Paulo Rangel – Foreign Minister, Portugal: 

  • Practical recommendations – we need to accelerate the pace, adequate financial investment, all of society approach and involve local authorities, local level is significantly more efficient 
  • We must tackle the political constraints around conflict 
  • But there are areas we must move forward on: education, sustainability 
  • We must reform the UN system to ensure peace

Geraldine Fraser-Moleketi – Chair of the Committee of the Experts on Public Administration (CEPA), former Minister for the Public and Administration of South Africa, and Chancellor, Nelson Mandela University:

  • We need political will.

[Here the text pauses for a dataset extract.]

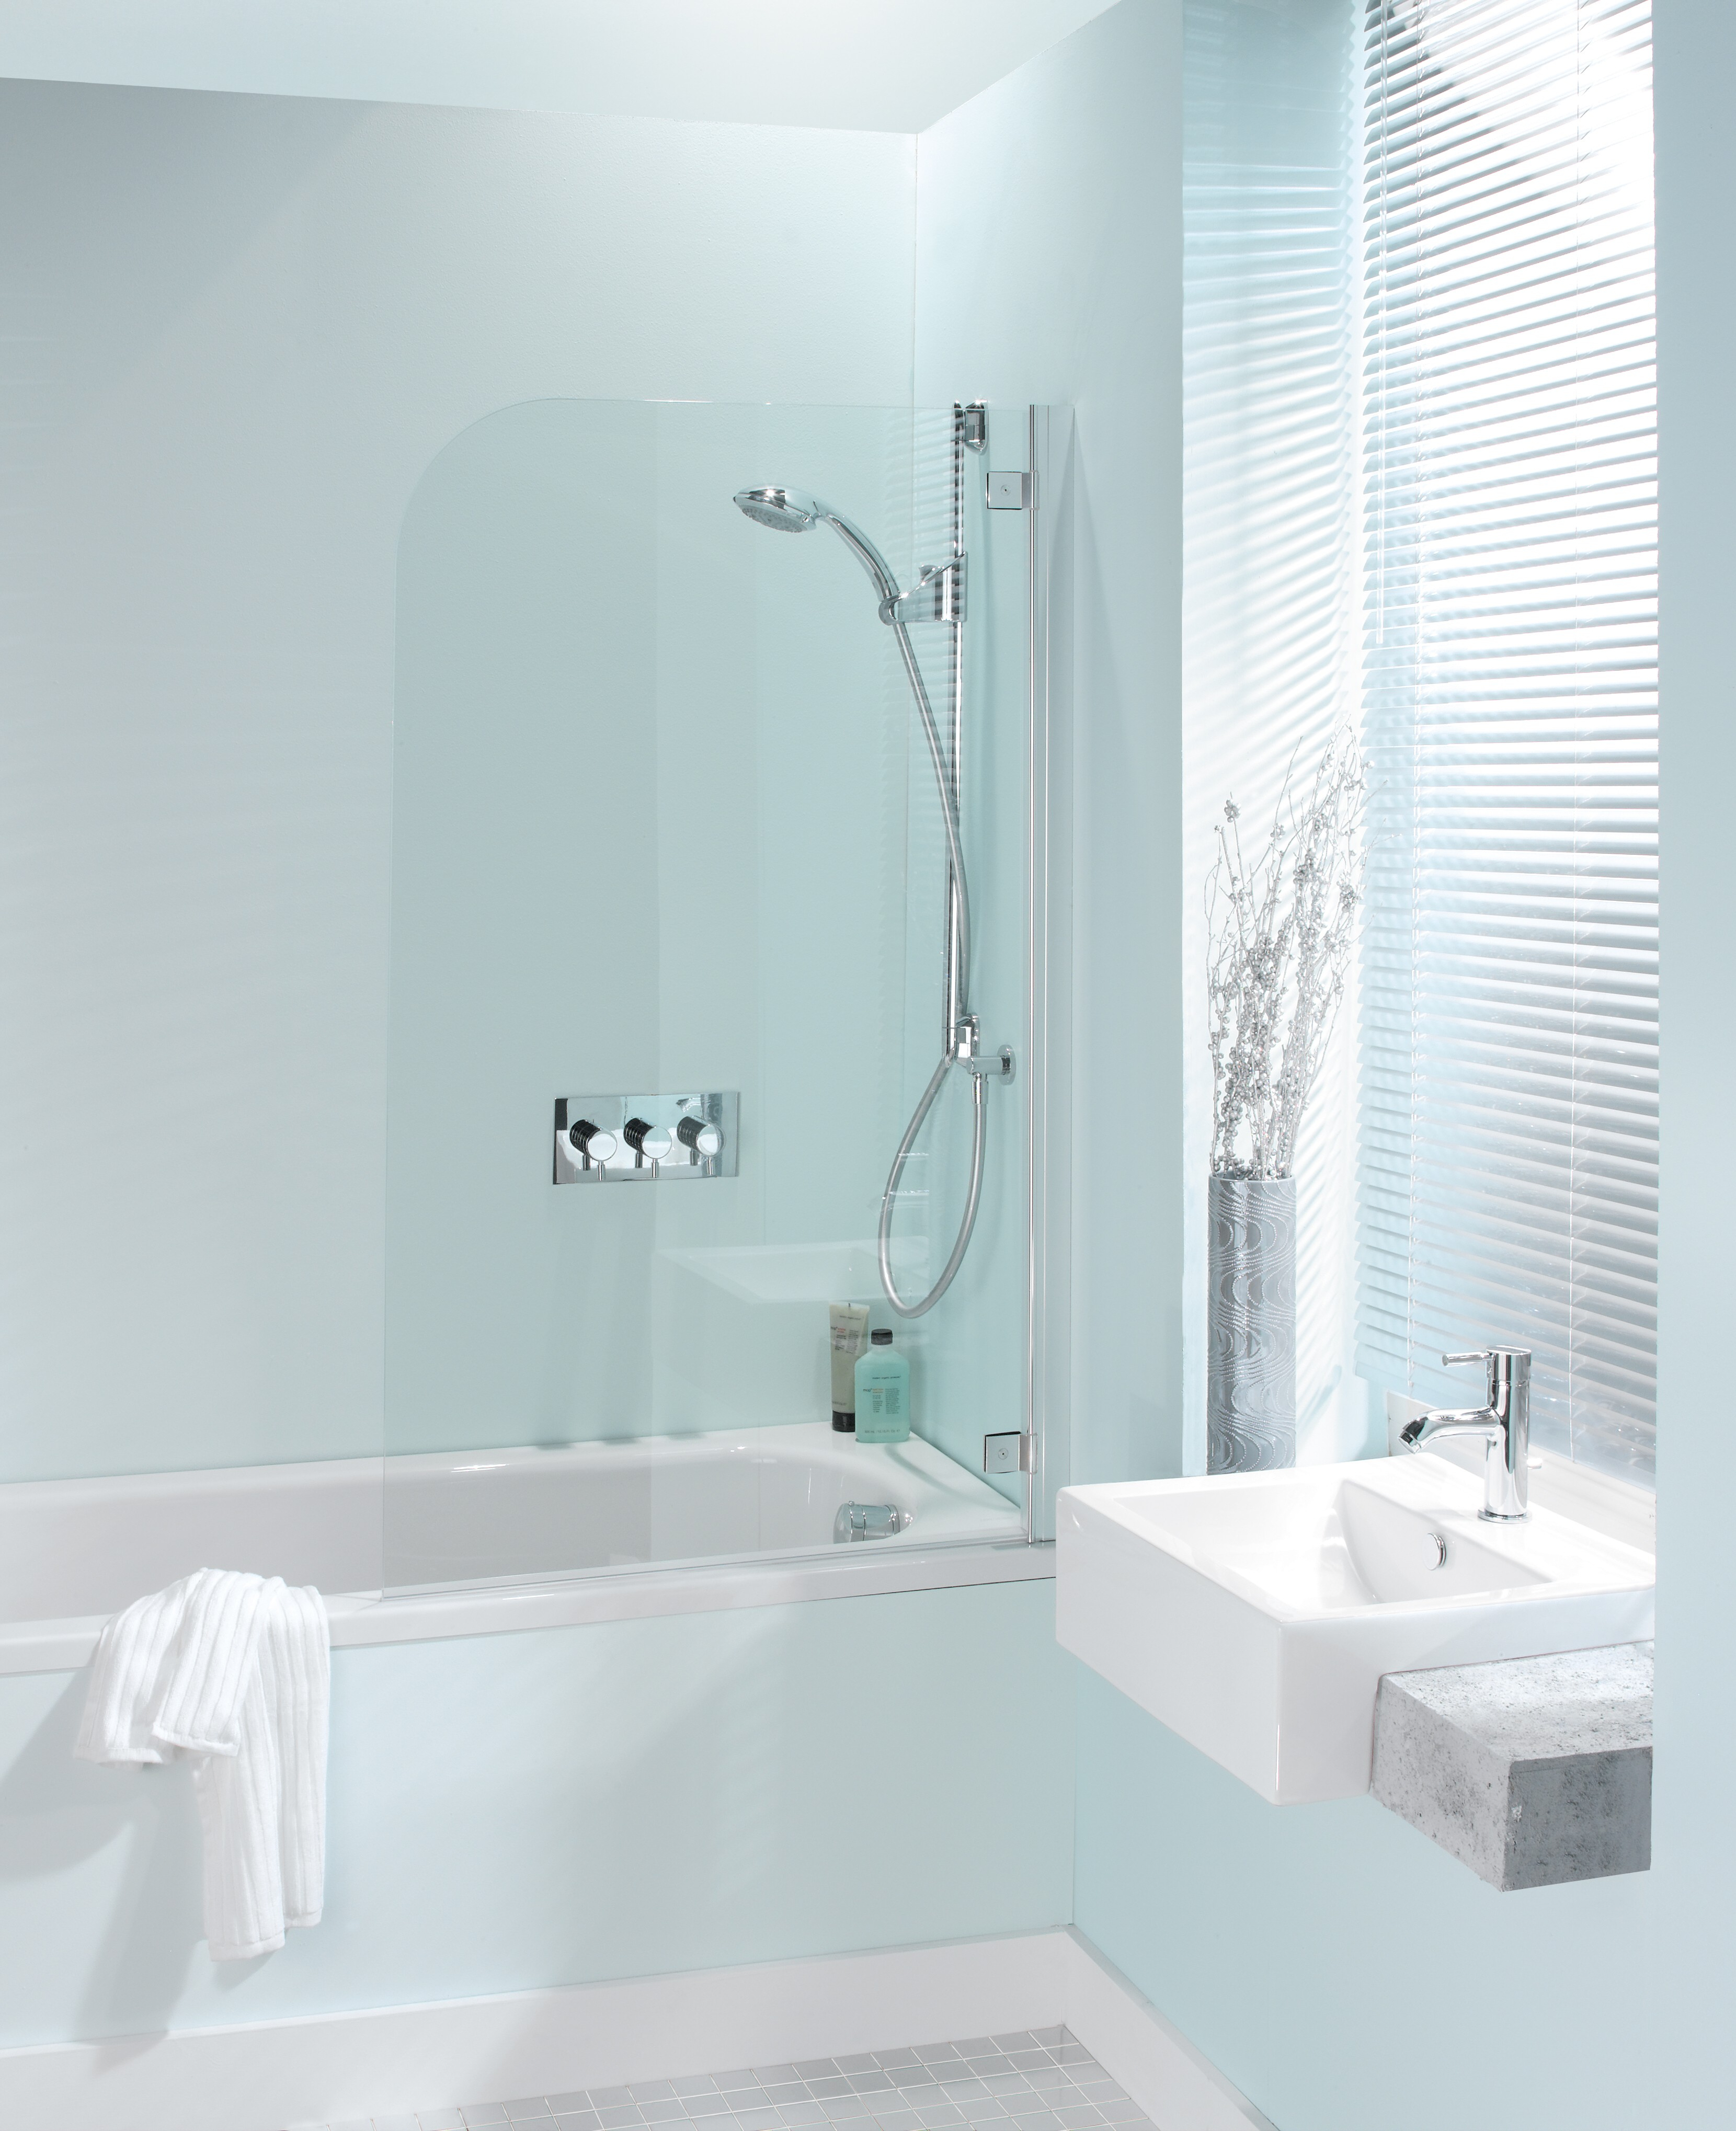 Bathtub With Half Glass Wall Glass Designs throughout dimensions 3320 X 4076
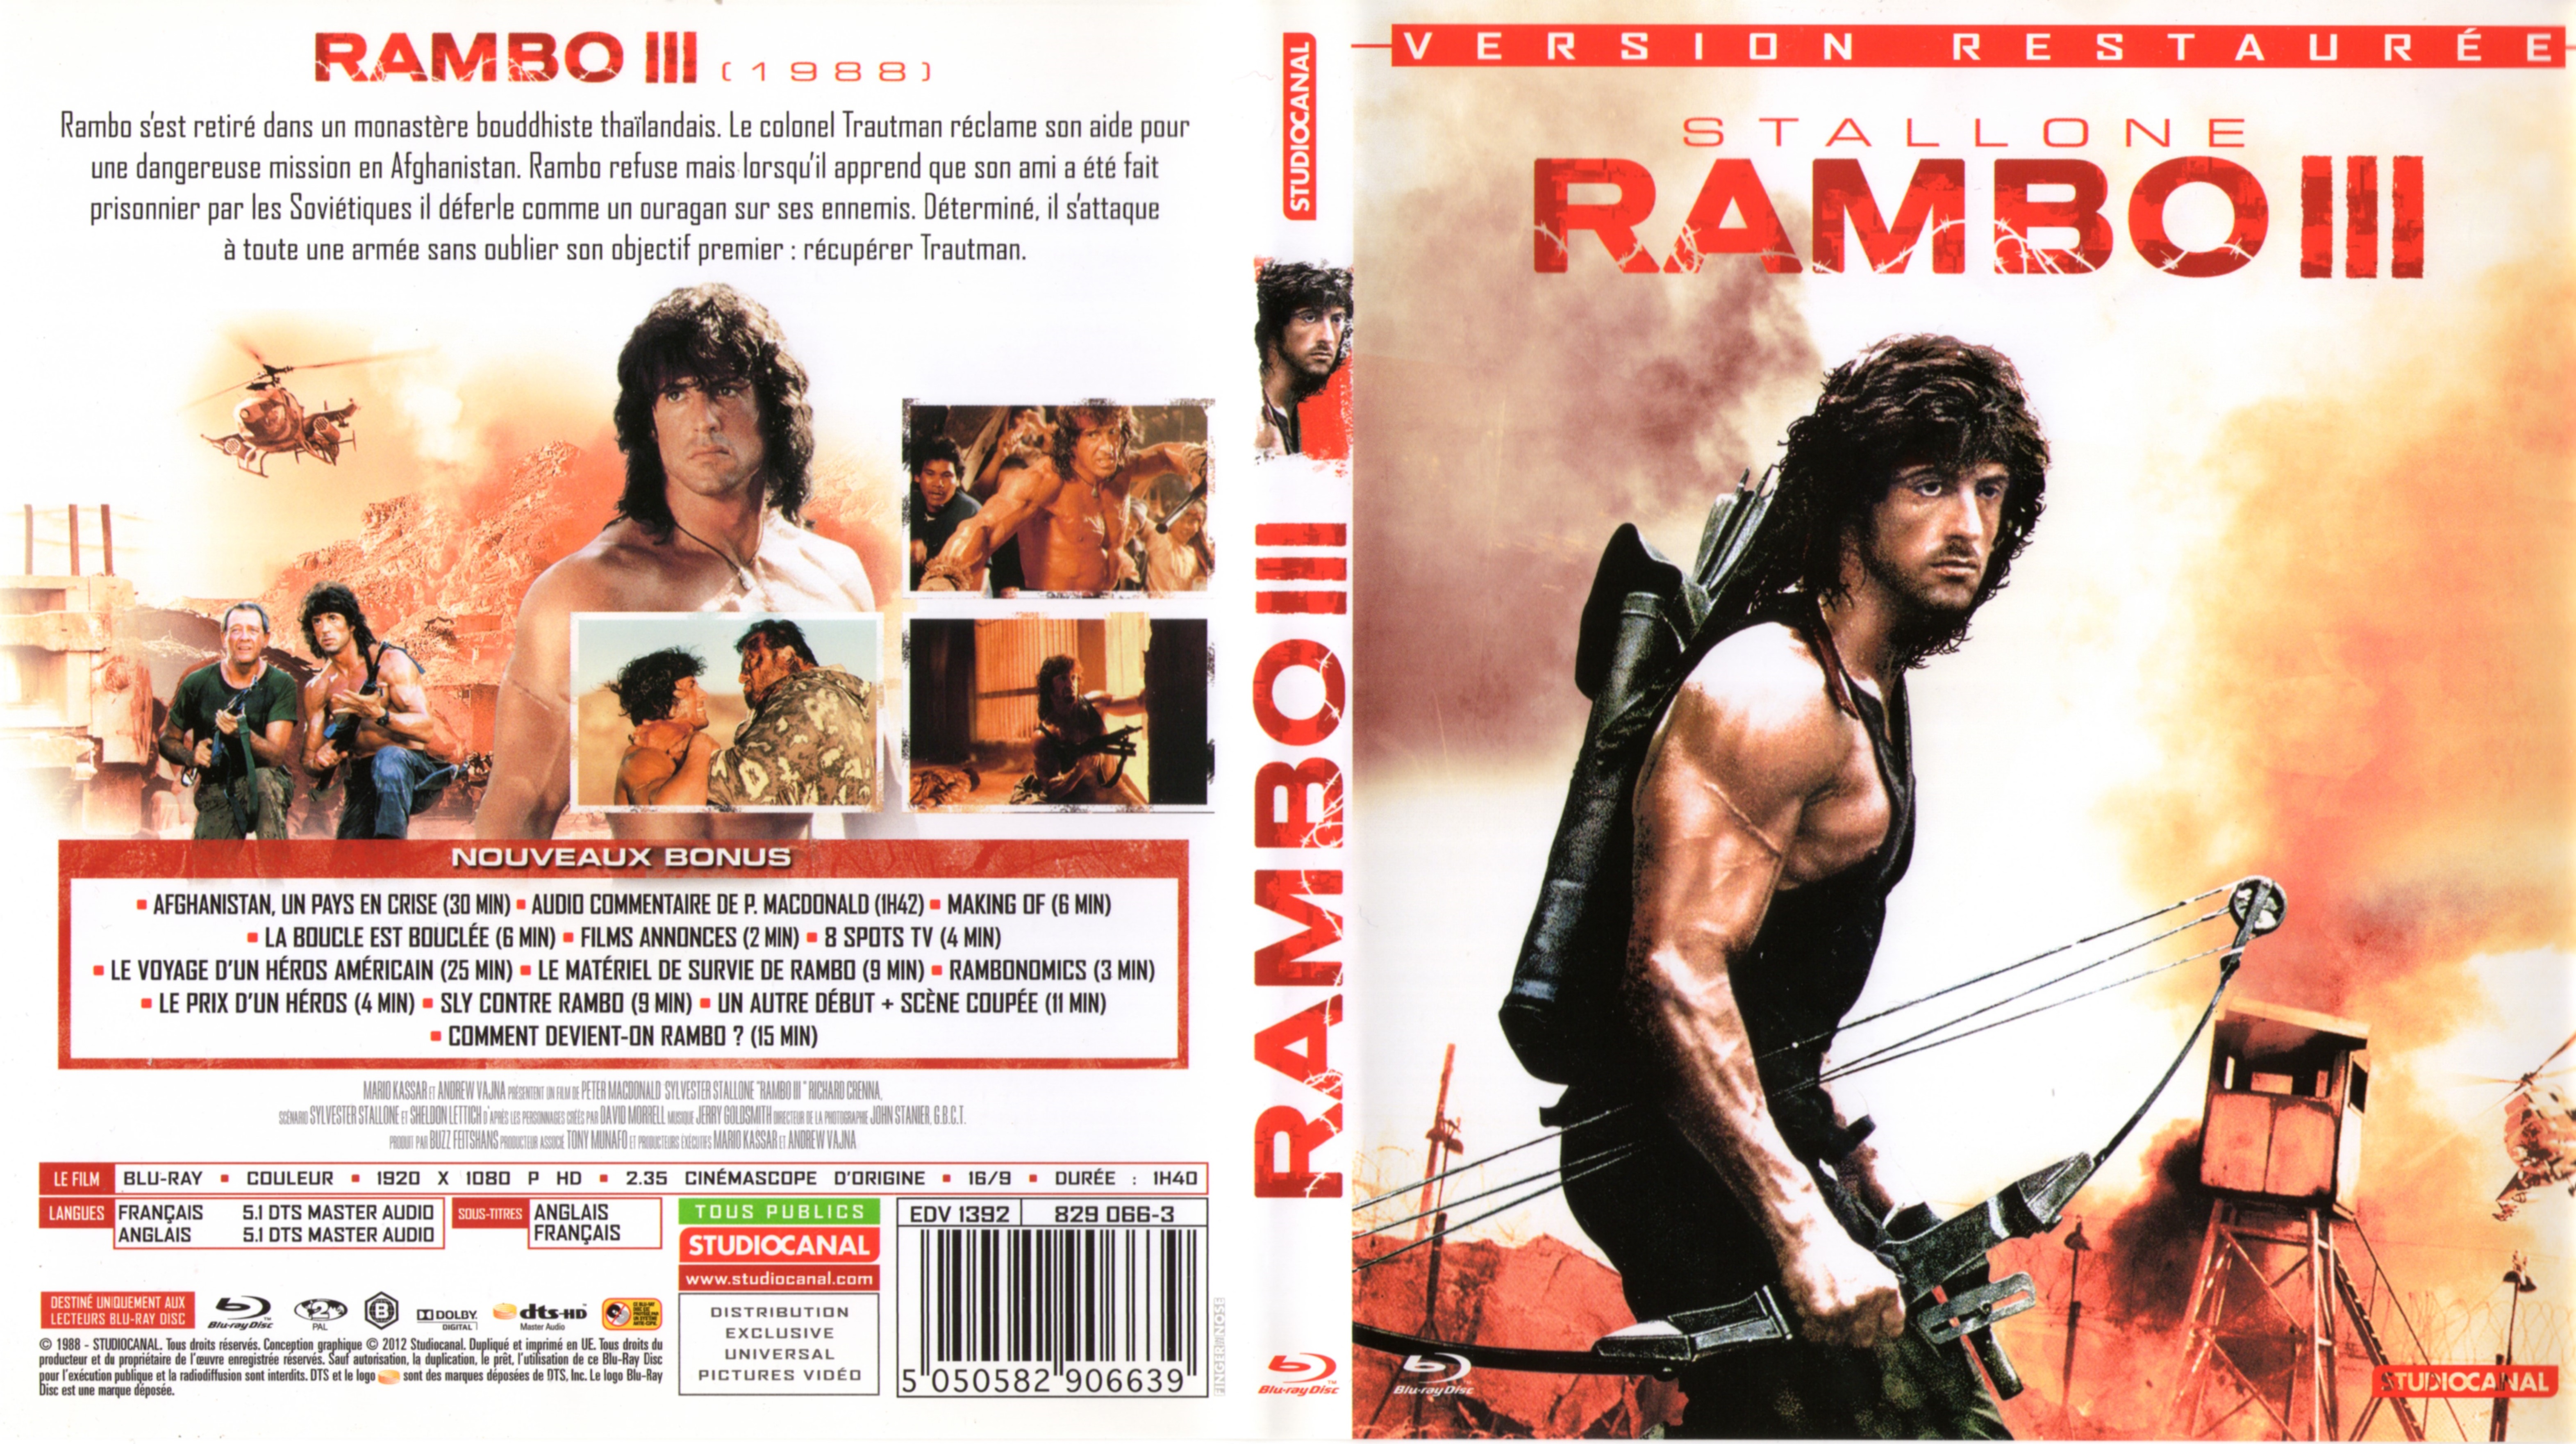 Jaquette DVD Rambo 3 (BLU-RAY) v2

We must deal with rising poverty and inequality – through five actions: (1) SDGs must be seen as the policy framework for the future, beyond 30 years (2) we must promote sustainability through national budgeting and procurement (3) we must change the mindset and invest in a people first (4) must close the gap of understanding and applying the SDGs and (5) we must apply good governance principles 
  • We must walk the talk and bring political will and the financing required
  • Let us look at where the financing is going right now
  • Political will is at the highest level but it is not reaching national plans 
  • Political hesitation – political economy gets in the way – we allow ourselves to get distracted into crisis mode and we cannot build crisis decision-making in a sustainable, SDG way
  • We must stop seeing the SDGs as a reporting mechanism to the UN. We must integrate them into our national plans in their own right
  • 2030 is not the end game, it is the goal but we must go beyond this

Amy Pope: Director-General, IOM; Coordinator, UN network on Migration

  • We need to build migration into national strategies, not see it as a problem to be solved but recognise the positives of human mobility, connecting opportunities 
  • If we stop immigration, development will stop
  • We need to stop seeing it as a problem to be ended
  • We must see it as a catalyst for development and leverage human capacity 

José Manuel Salazar-Xirinachs – Executive Secretary, Economic Commission for Latin America and Caribbean

  • Data monitoring is essential – UN country teams, regional platforms, with UNDP,  must take it to country and regional level. 
  • Financing for development – we must assess whether financing is reaching where is needs to reach
  • Data is essential to know where we are going

Major Group for Children and Youth

  • We are experiencing Intergenerational injustice and call for: the $500 billion gap identified must be addressed and governments must stop funding wars and redirect financing to the SDGs. 
  • Resources must go straight to communities at the local level, we must invest in our planet, involve children and youth as a rights-based approach, and include youth indicators in national plans and targets
  • It’s very interesting and important to compare the national and local reviews 
  • Localisation is very important
  • Localisations in country are essential 
  • You have to be with the people, with civil society 
  • 16 peace and justice and 17 cooperation 
  • VNR and VLR reporting should be a way of involving citizens not reporting to them
  • We MUST focus on leaving no one behind 
  • Need to include big data for the SDGs to understand and address gaps in data 
  • Must look at the gender gap, we must invest in care, there must be a fiscal commitment to gender equality 

SEM side event: Resilience in the face of crisis: unpacking SDG 13 and loss and damage

  • We then took part in the official Sendai Stakeholder Engagement Mechanism side event exploring the topic of resilience in the face of crisis: unpacking  DG 13 and loss and damage
  • Here, our very own Adessou Kossovi, GNDR’s climate lead, shared intel on the Santiago Network and championed our GNDR Call to Action, specifically the urgent need to listen to the community and invest at the local level
  • We were also lucky to have our GNDR global board member, Sophie Rigg, as a speaker, who shared a stock take on the Santiago network
  • This was supported by a speaker from UNDRR and Marcie Roth from the disability major group of the SEM
  • Key quotes from  the session from the UNDRR “We are not safe until we are all safe” Ismail Zahir, New York Office UNDRR 
  • “Those closest to the problem must be closest to the power!” Marcie Roth, SEM’s disability constituency
  • “Local communities on the frontline are the experts” Adessou Kossovi 

We then met with our GNDR member representative Jose Ramona from Honduras and prepared for our GNDR side event on Thursday and discussed Jose Ramona’s opportunity at the high level session tomorrow morning to make a three-minute intervention on behalf of civil society.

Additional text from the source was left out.